▼▼▼

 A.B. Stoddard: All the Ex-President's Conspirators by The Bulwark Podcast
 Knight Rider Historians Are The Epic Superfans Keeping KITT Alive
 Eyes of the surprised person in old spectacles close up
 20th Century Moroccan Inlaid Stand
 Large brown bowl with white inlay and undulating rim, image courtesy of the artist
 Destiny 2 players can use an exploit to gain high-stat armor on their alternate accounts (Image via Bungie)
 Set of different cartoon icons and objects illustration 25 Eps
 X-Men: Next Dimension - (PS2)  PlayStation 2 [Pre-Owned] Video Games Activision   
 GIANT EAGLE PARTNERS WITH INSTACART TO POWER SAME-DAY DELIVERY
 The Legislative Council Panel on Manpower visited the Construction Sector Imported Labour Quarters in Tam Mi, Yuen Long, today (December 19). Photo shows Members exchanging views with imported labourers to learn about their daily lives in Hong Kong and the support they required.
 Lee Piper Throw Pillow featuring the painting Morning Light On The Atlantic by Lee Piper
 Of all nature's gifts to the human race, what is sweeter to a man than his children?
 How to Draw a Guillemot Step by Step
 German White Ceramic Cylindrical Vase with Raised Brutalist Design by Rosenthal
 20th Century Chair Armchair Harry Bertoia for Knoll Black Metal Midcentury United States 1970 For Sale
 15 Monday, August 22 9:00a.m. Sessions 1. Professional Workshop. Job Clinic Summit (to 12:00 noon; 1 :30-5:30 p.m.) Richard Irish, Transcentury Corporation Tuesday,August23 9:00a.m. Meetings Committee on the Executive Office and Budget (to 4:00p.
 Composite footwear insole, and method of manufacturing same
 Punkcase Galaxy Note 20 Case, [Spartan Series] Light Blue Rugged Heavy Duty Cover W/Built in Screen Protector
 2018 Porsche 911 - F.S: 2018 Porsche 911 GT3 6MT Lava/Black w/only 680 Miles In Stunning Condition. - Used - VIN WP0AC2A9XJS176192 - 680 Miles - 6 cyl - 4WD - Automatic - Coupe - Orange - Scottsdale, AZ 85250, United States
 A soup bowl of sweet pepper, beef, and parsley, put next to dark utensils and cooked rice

▲▲▲

• WORK REQUEST
From the line holding "Composite footwear insole, and" through the final line of the data above, copy every line exactly as written. Include nothing else.

• EXERCISE RESULT
 Composite footwear insole, and method of manufacturing same
 Punkcase Galaxy Note 20 Case, [Spartan Series] Light Blue Rugged Heavy Duty Cover W/Built in Screen Protector
 2018 Porsche 911 - F.S: 2018 Porsche 911 GT3 6MT Lava/Black w/only 680 Miles In Stunning Condition. - Used - VIN WP0AC2A9XJS176192 - 680 Miles - 6 cyl - 4WD - Automatic - Coupe - Orange - Scottsdale, AZ 85250, United States
 A soup bowl of sweet pepper, beef, and parsley, put next to dark utensils and cooked rice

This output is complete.